Task statement - Leave out the images and repeat the listing below without a single change.

Data below -
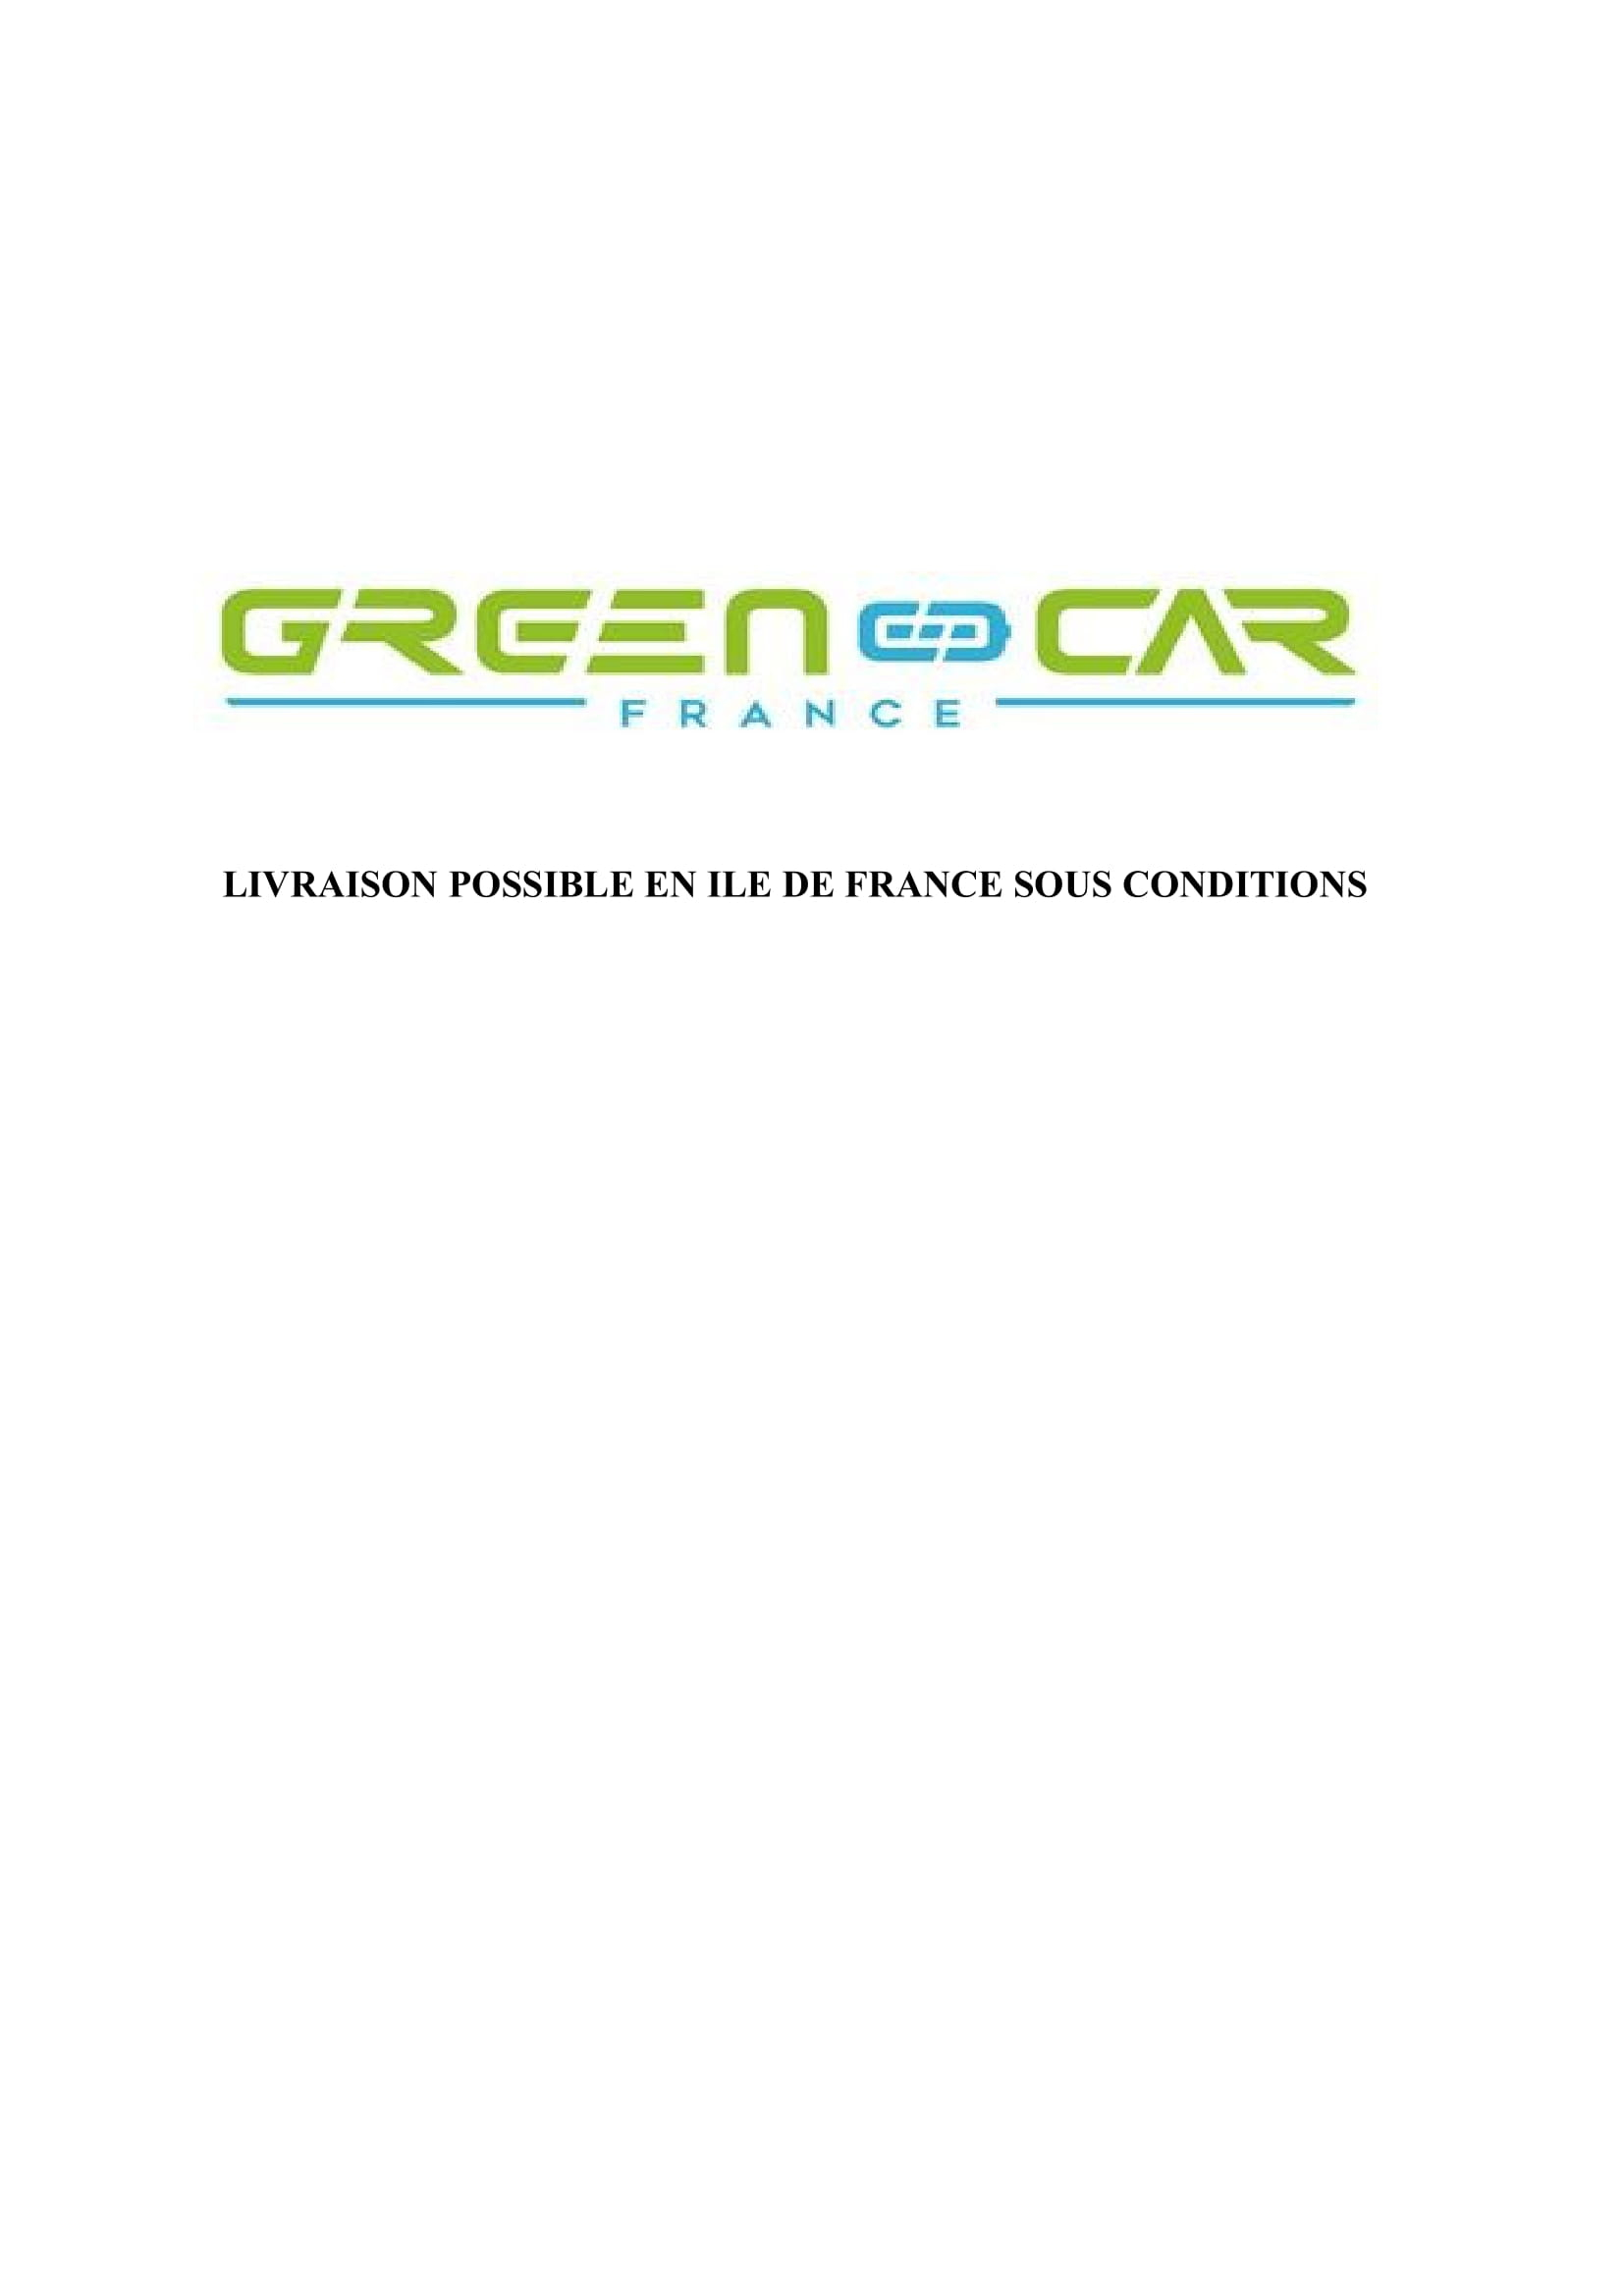 Slide 6 du site de Greencar France
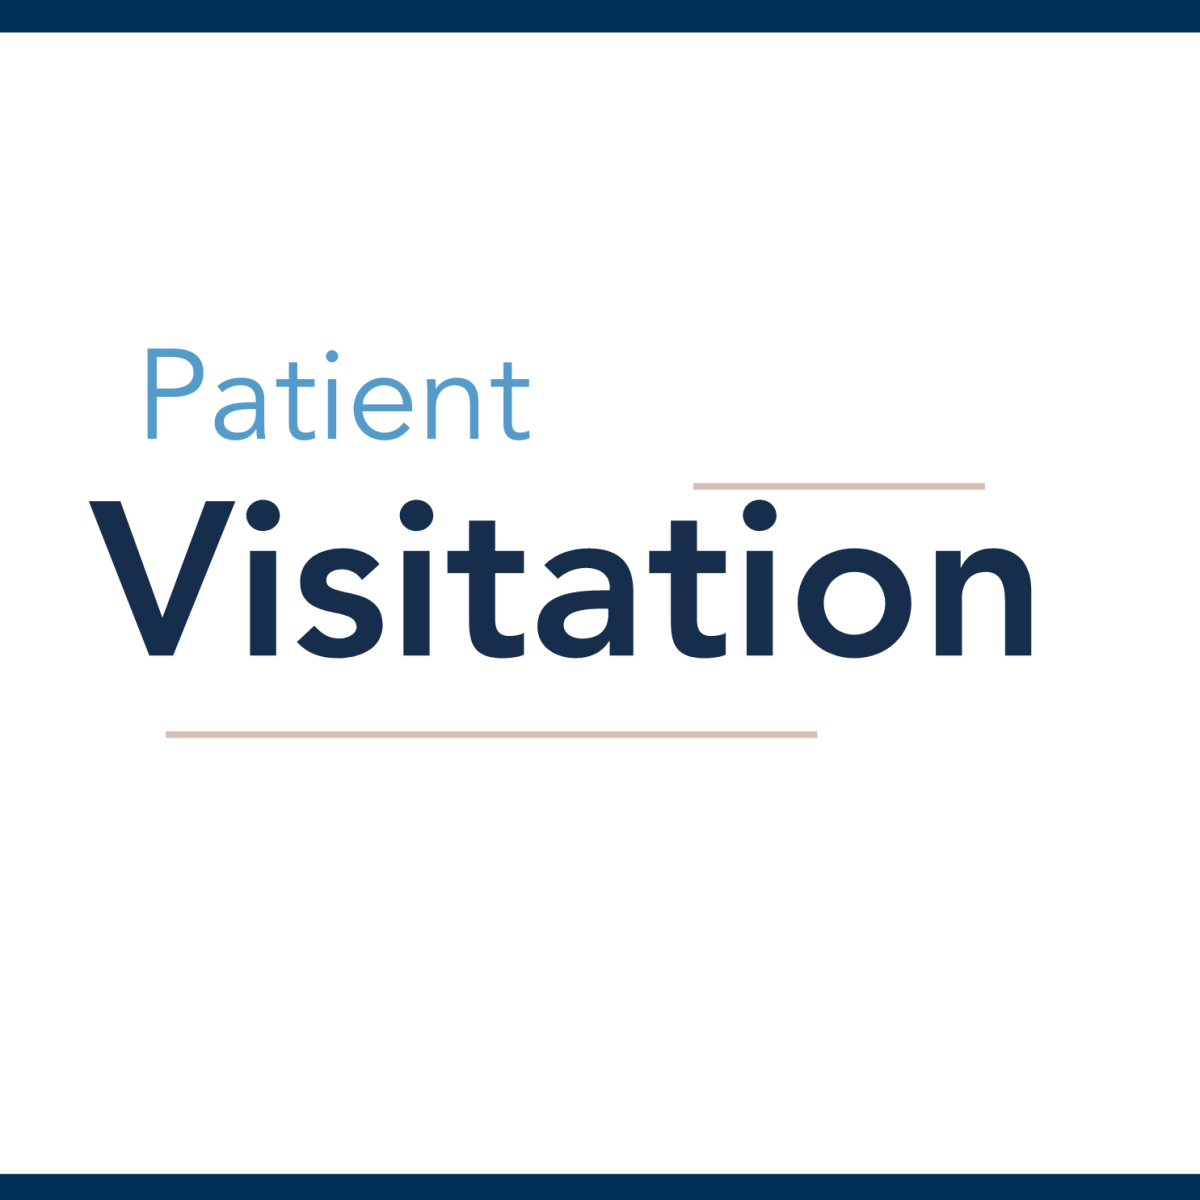 Patient Visitation
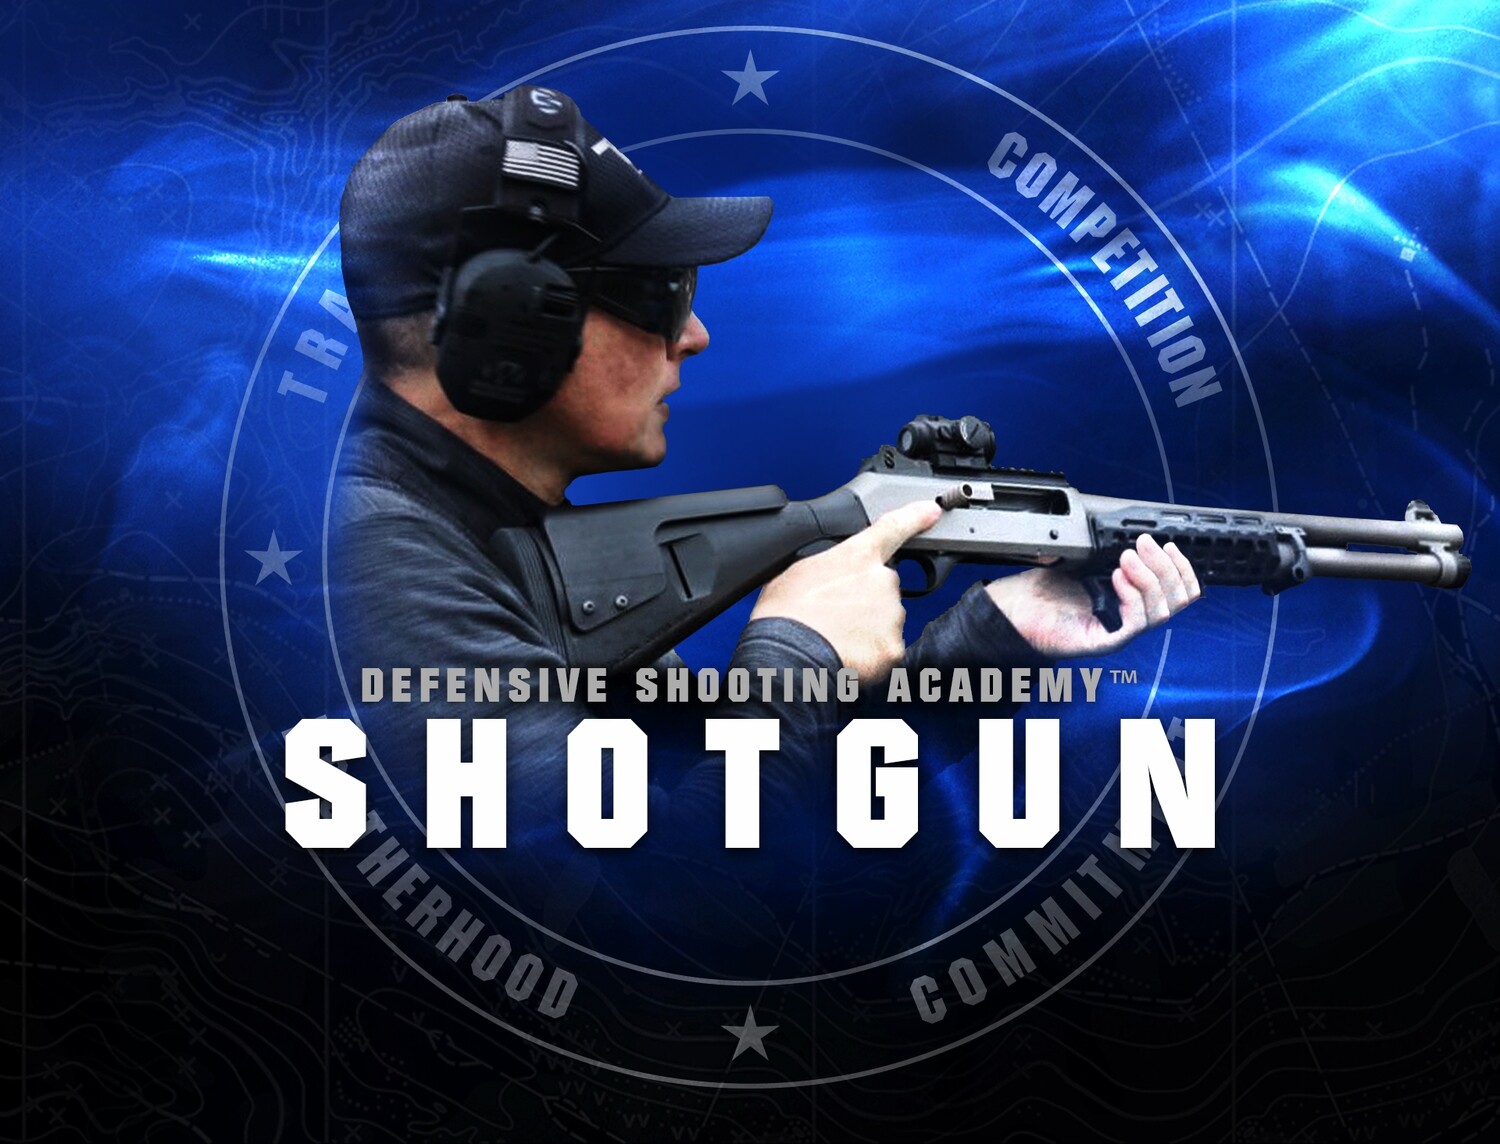 March 26th SEMI-AUTO Shotgun Course - 8 HOURS C.L.E.E.T. ACCREDITATION

Result for this task -
 Slide 6 du site de Greencar France
 Patient Visitation
 March 26th SEMI-AUTO Shotgun Course - 8 HOURS C.L.E.E.T. ACCREDITATION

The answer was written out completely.